If you don’t, your partner will rise from their chair like Zeus. They will find you, and they will suggest that the baby needs milk. Even though you just nursed him. 
The best part of this post is that she groups everything together so perfectly. She says what every mom feels.

Listen: I know you feel like you’re doing it all wrong; I know the stakes feel so high and all the other moms look like they know what they’re doing.
Take a break from reading books and blogs about how you’re supposed to be raising your child. Your baby is reasonably clean and growing. 

Most Importantly You are doing just fine. 

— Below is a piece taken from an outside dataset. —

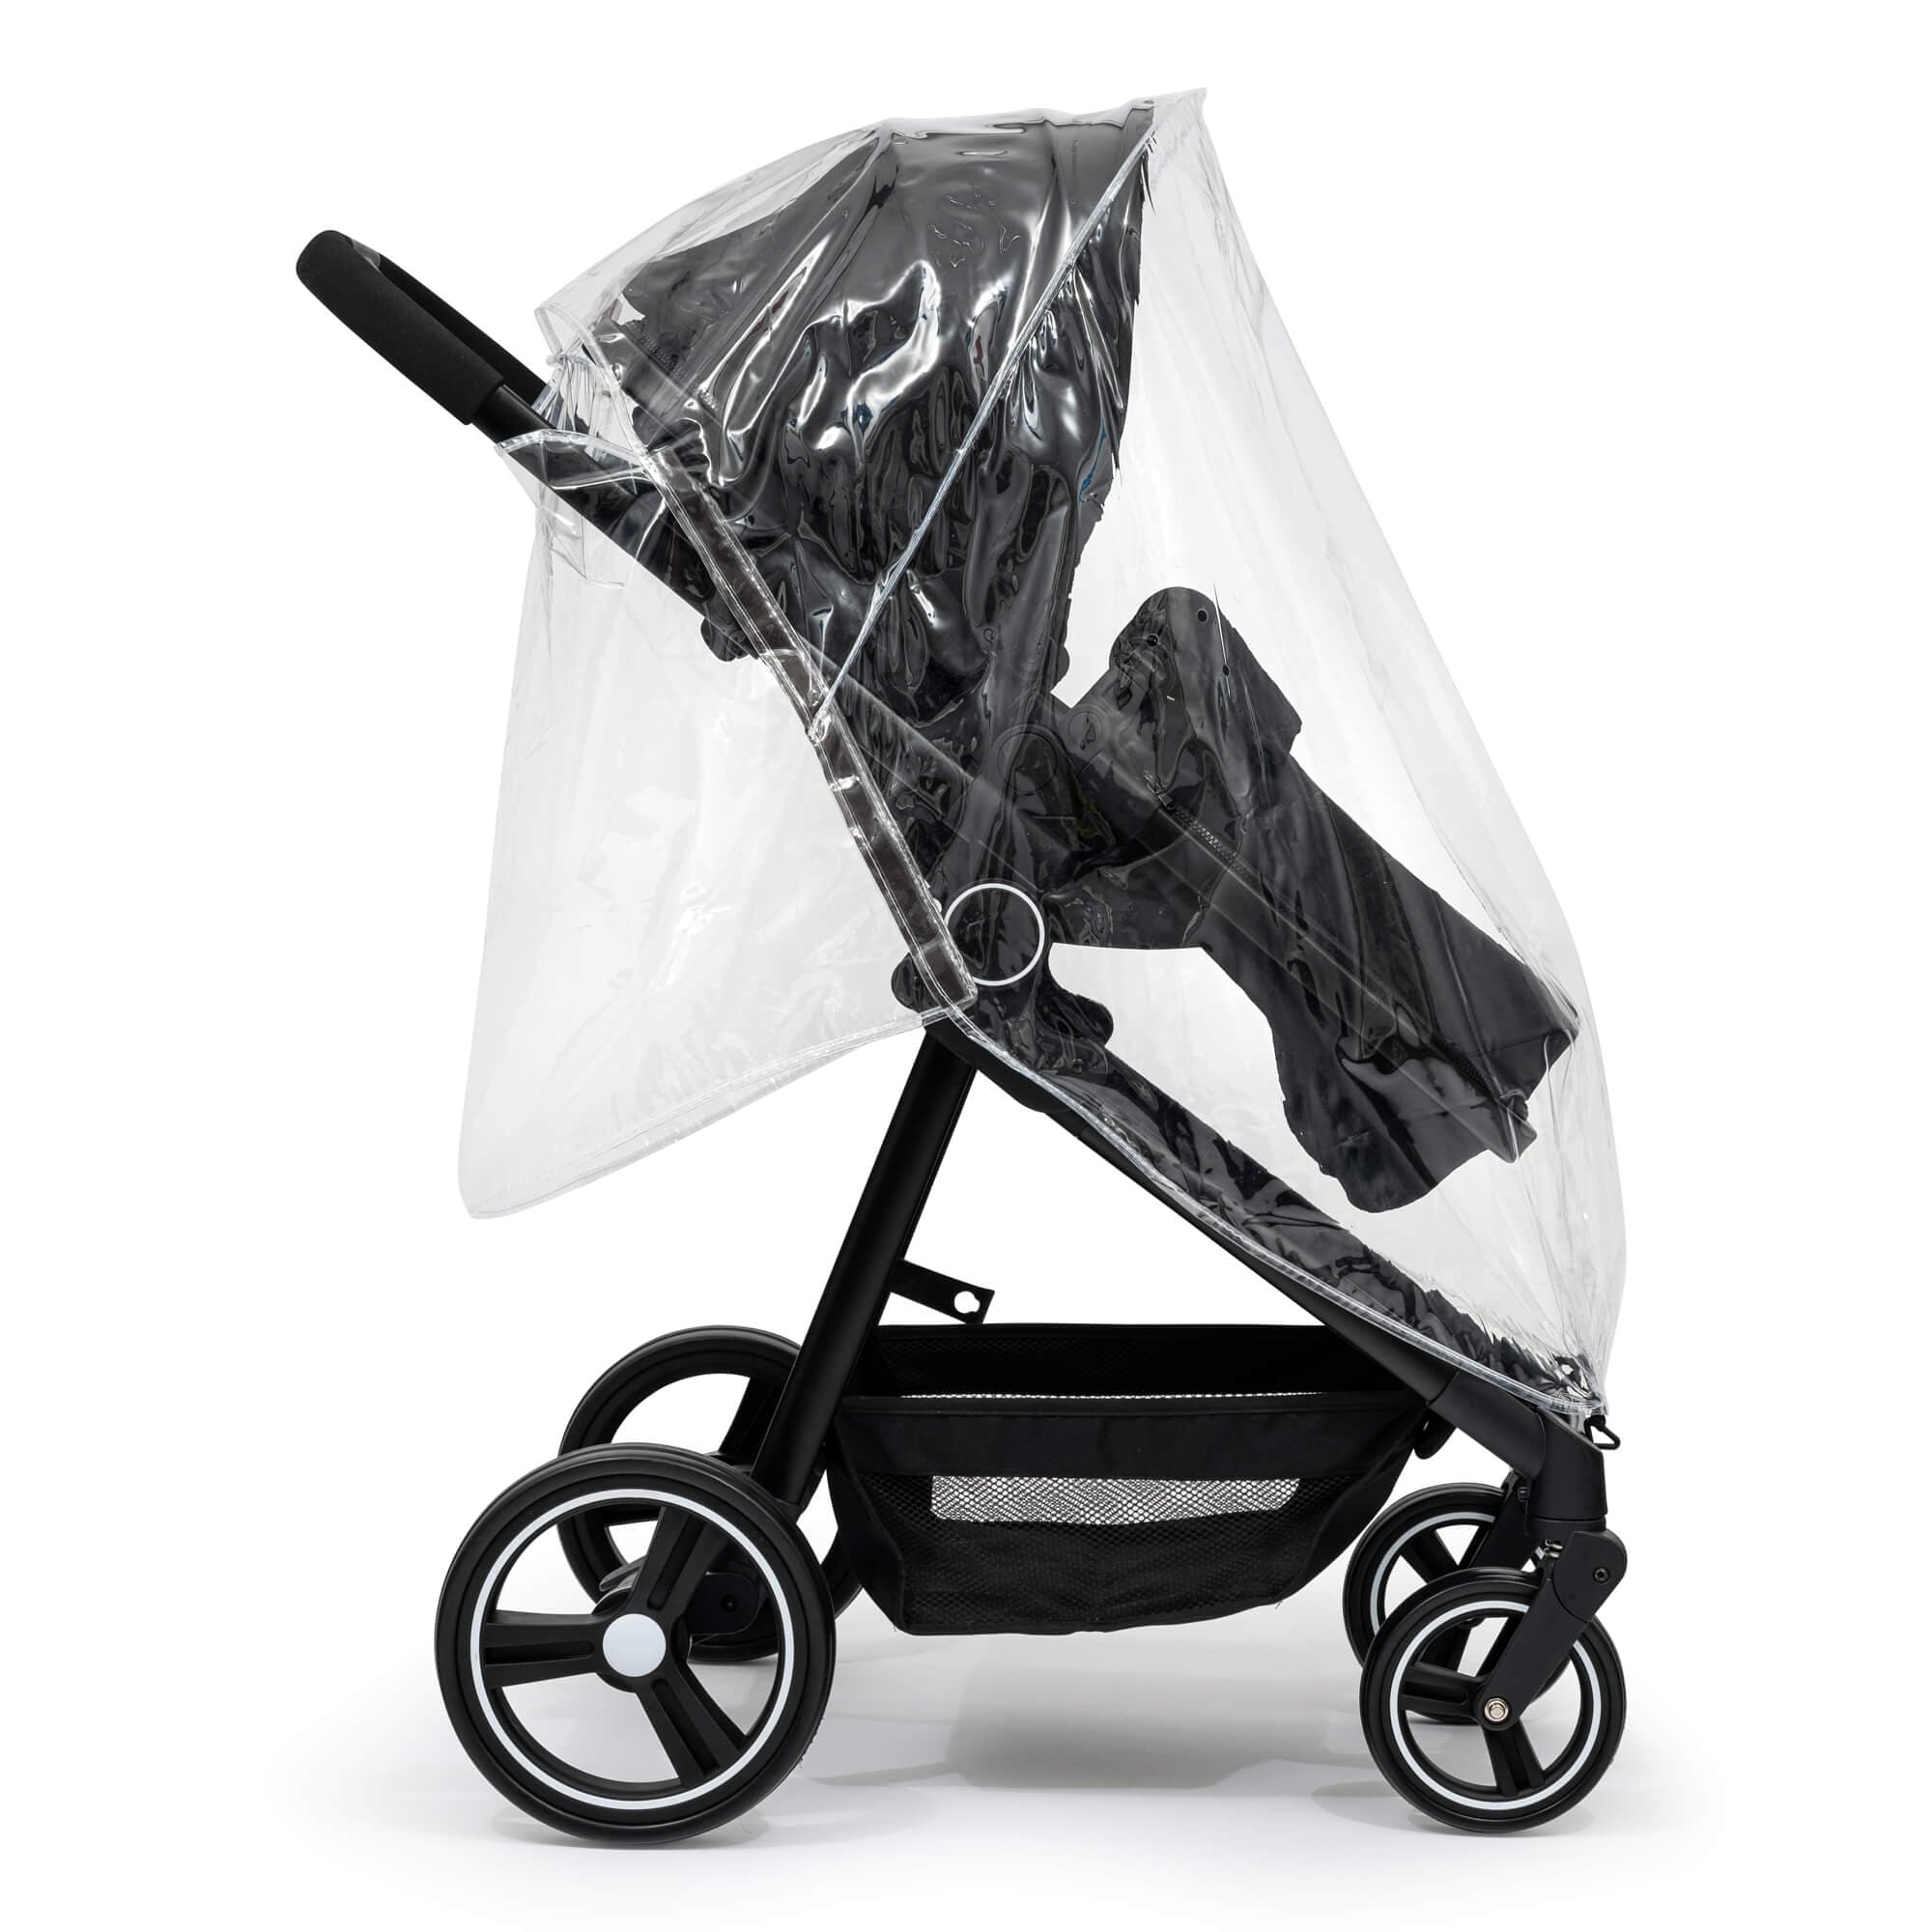 Pushchair Raincover Compatible With Bebecar - For Your Little One

Sometimes we question ourselves or the way we parent. This post kind of leads into the next article I read on EJ. "The Good Mother". We all think it, we all wonder are we a Good Mother?. Surprisingly its not what you think. I thought it would be about a Mom talking about a friend who is just naturally a Good Mother. No,  it's that tiny voice in your head "The Good Mother" telling you what you think you should do but its too late because you tried this other angle of discipline. 

I remember talking to another new mom at a mom’s group when my son was a newborn.

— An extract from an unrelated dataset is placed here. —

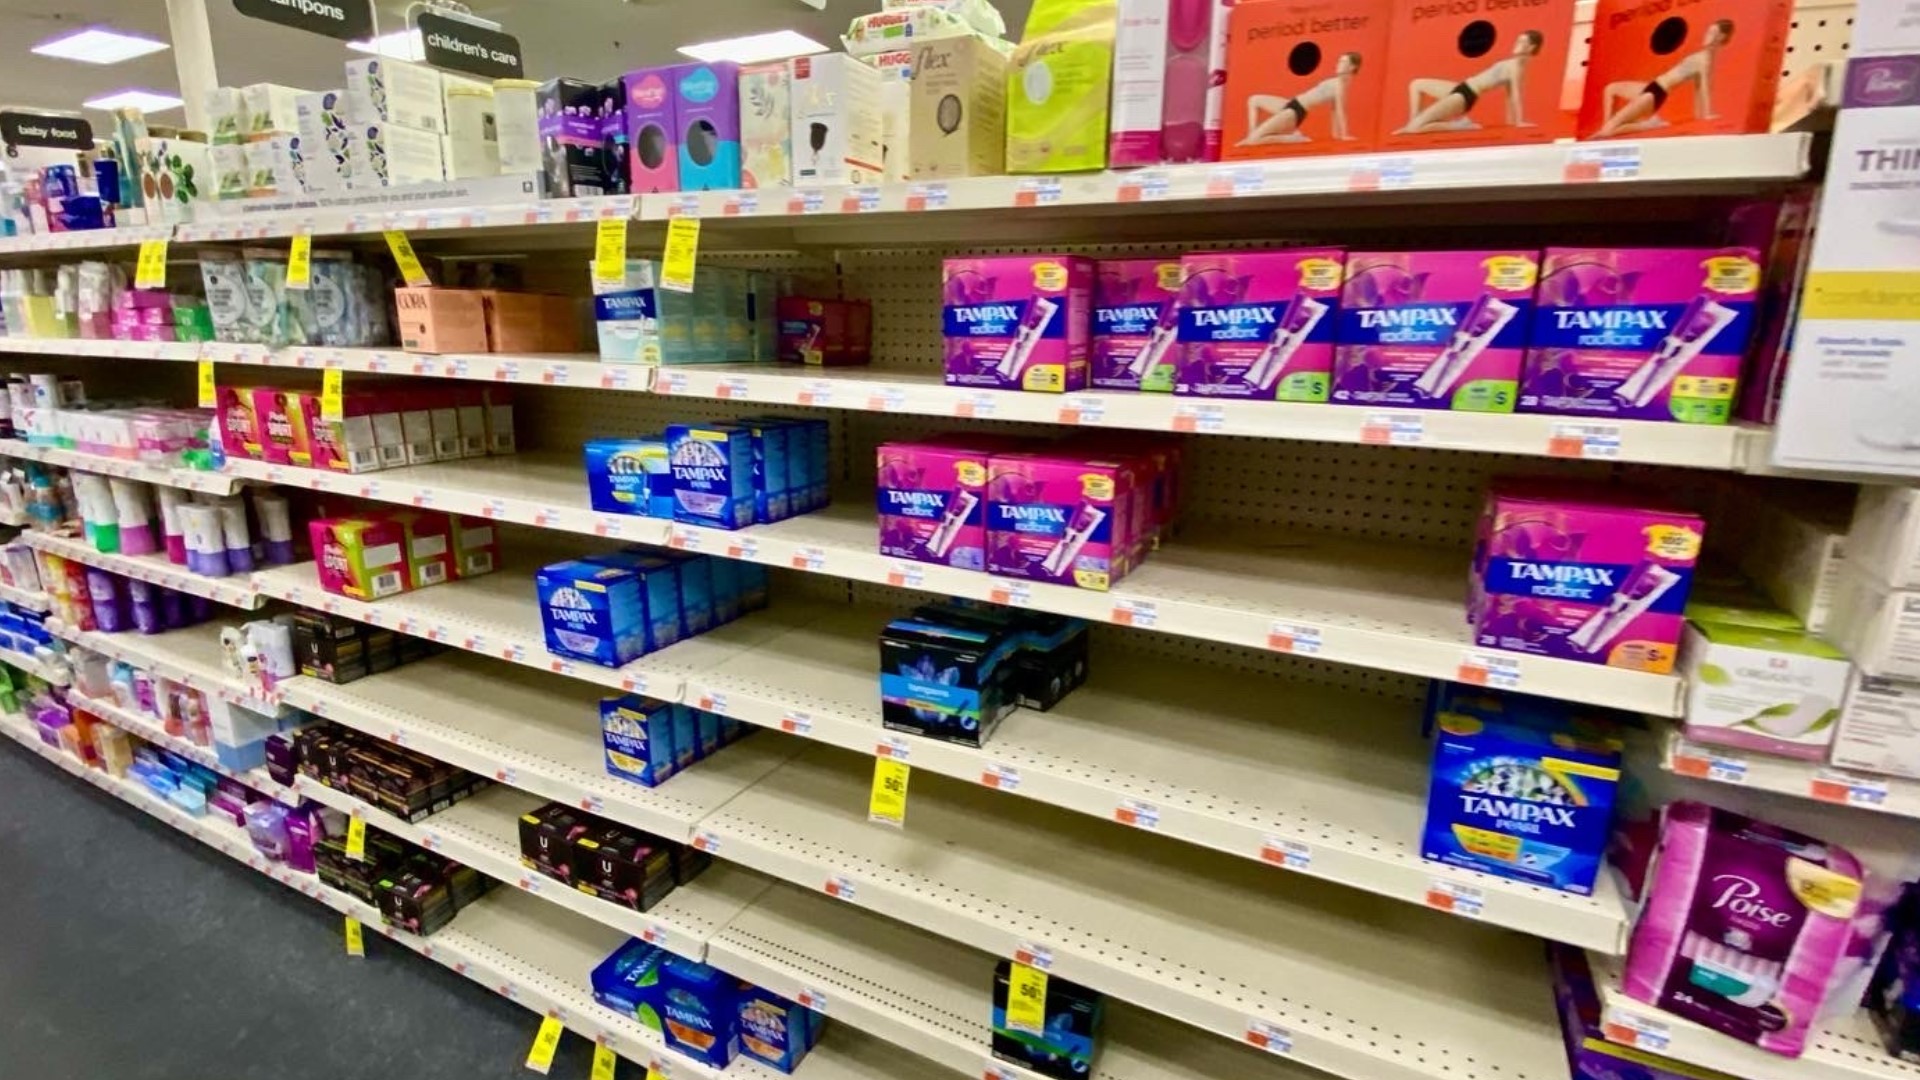 Texas is one of 26 states that charges sales tax on tampons.

The other new mom was clearly connected with her infant daughter; I could almost see the cord of love twining them to each other. I could see it in the gentle but sturdy way she held her daughter and the way she smiled and gazed at her—while my son alternated nursing and crying, nursing and crying, we chatted.

“I have this ‘good mother’ voice in my head sometimes,” she admitted. “The other day, Julia was napping and I realized I’d forgotten to turn the baby monitor on. I checked on her and she was still sleeping, but I thought, ‘a good mother wouldn't forget to turn the baby monitor on.’”

Totally true, totally relate able.  Then goes onto talking about winging motherhood...everyday.

One of the hardest things for me about being a mom is that I make about 107 little decisions every day, and most of the time, I am totally winging it. Unlike work at a paid job, I don’t get regular feedback on how I’m doing.